• AIM OF THE TASK:
Among the records that follow, set down only the lines from the one containing "Mother Beige Cotton" to the one containing "Date palms against blue sky Stock Photo", both included, exactly.

• INPUT MATERIAL:
--- START ---

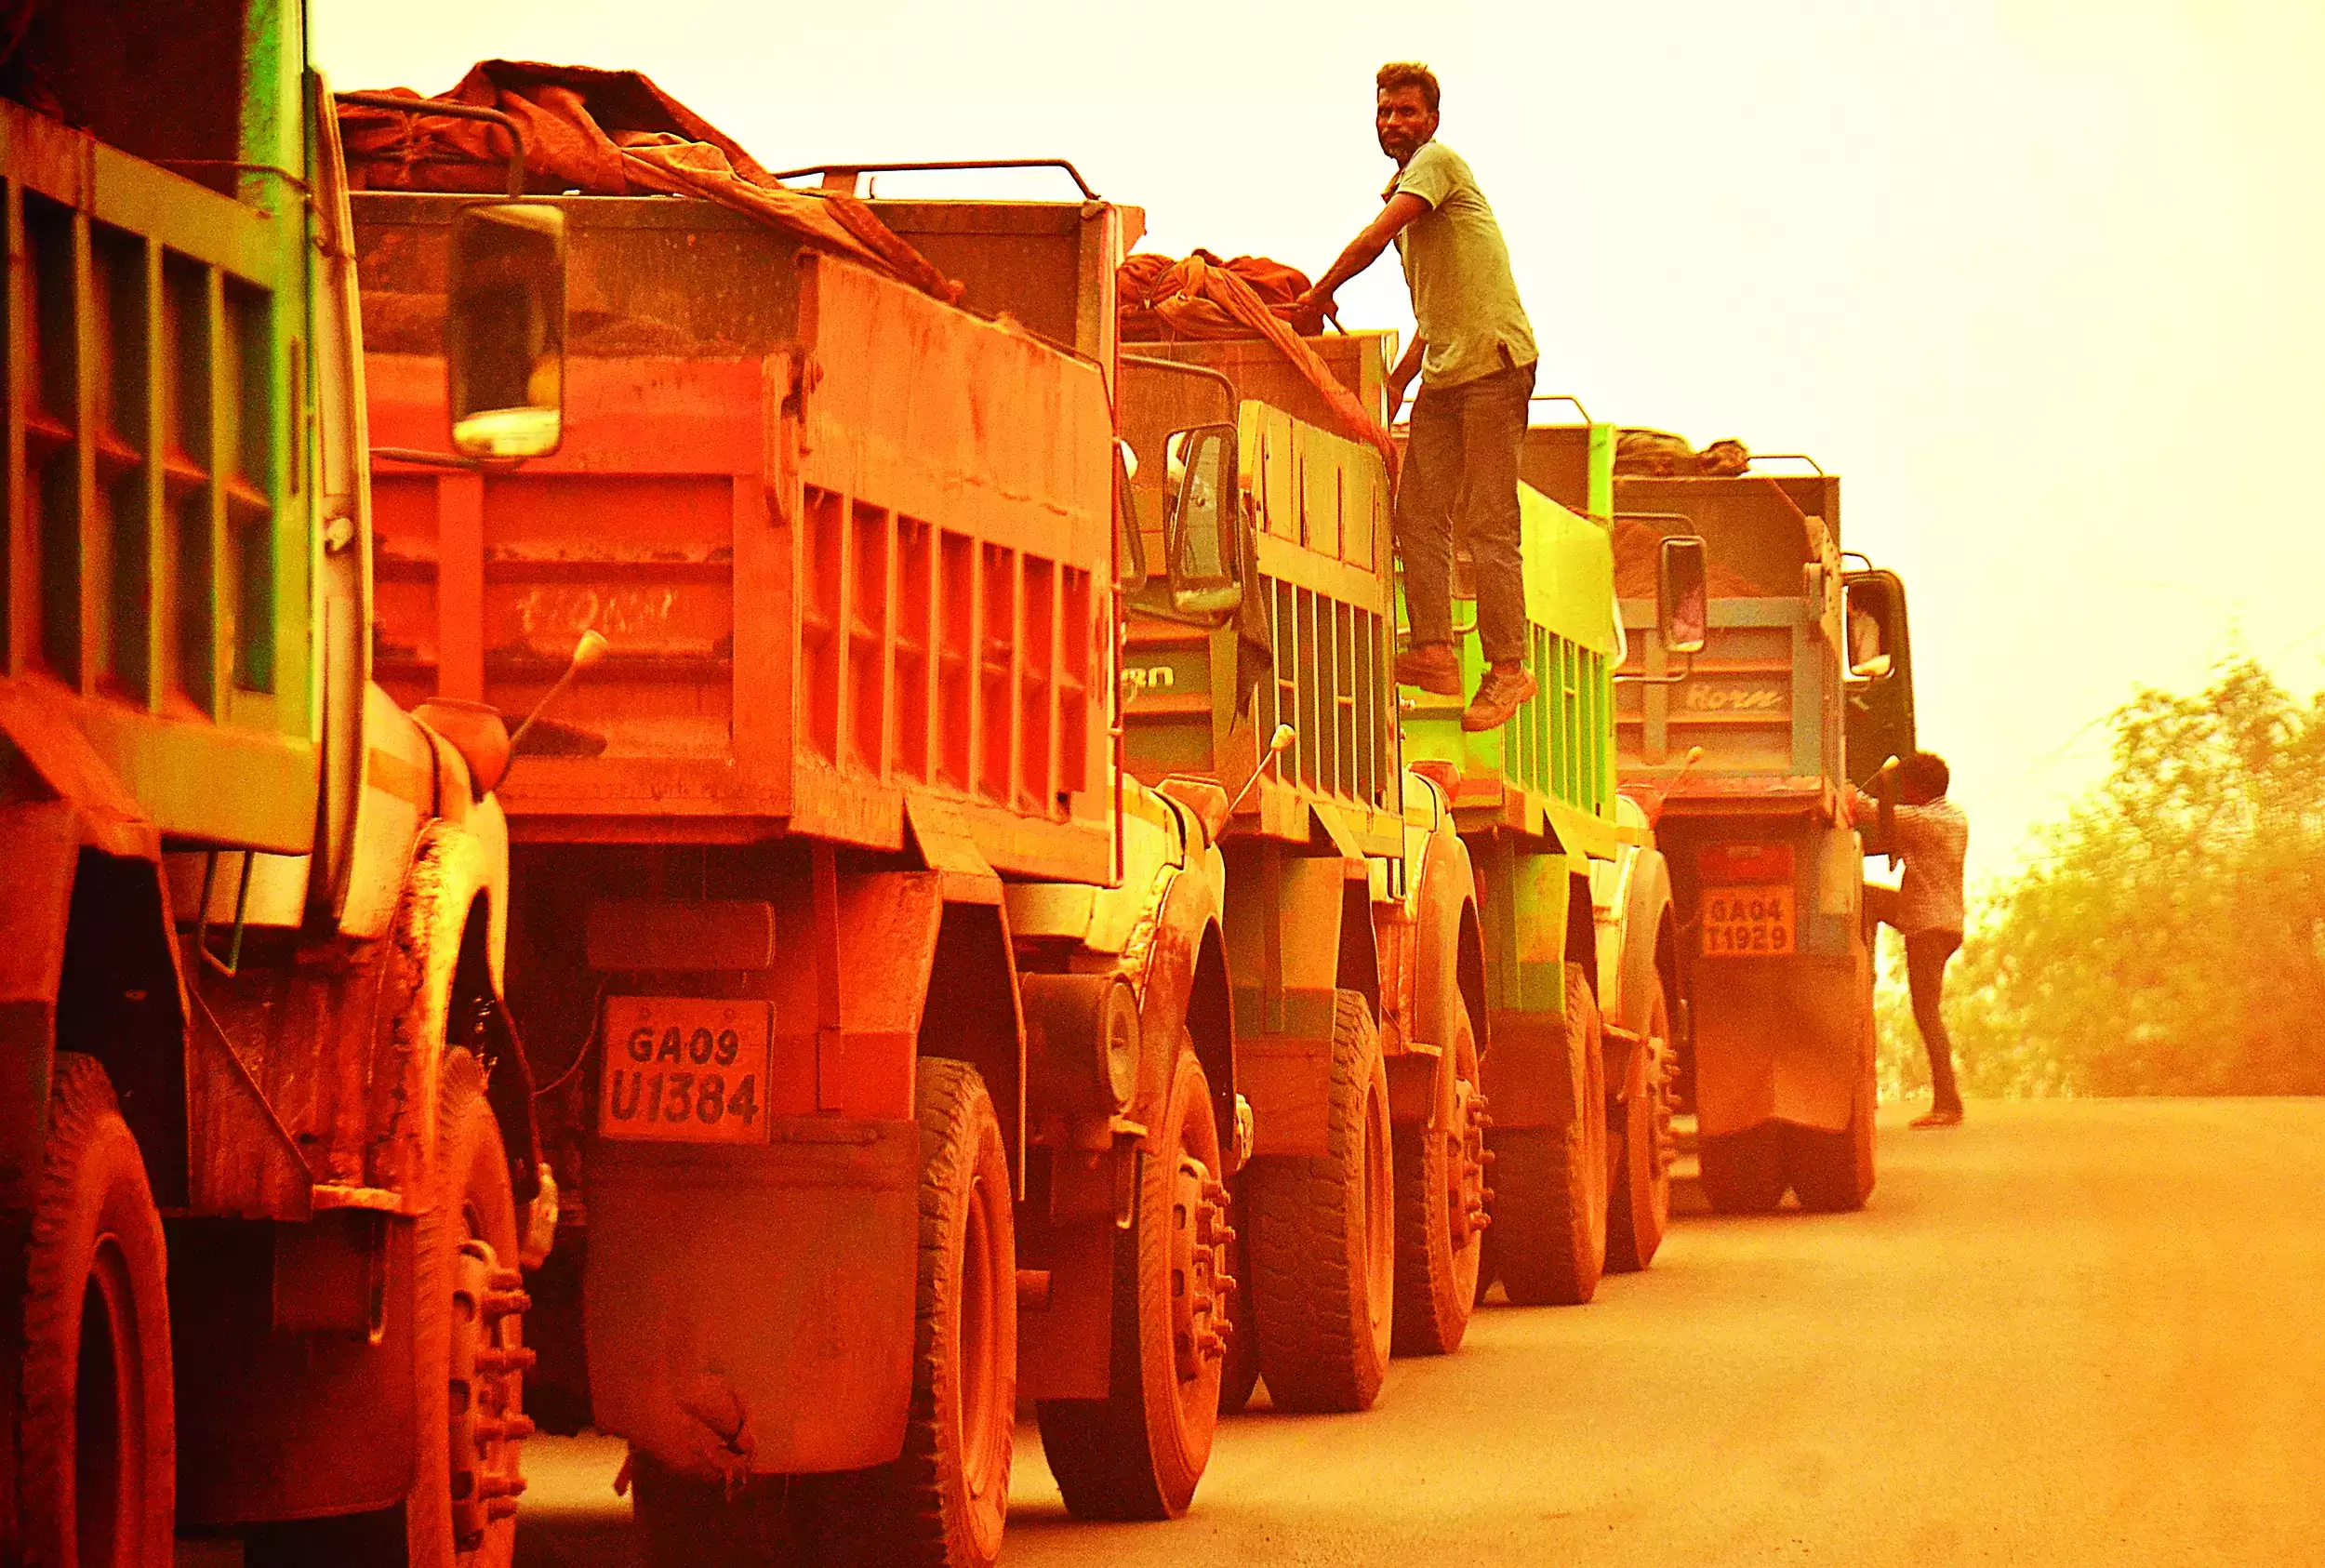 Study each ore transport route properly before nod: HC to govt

--- END ---
--- START ---

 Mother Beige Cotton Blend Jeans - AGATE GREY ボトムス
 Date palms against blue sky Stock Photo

--- END ---

• OUTPUT BELOW:
 Mother Beige Cotton Blend Jeans - AGATE GREY ボトムス
 Date palms against blue sky Stock Photo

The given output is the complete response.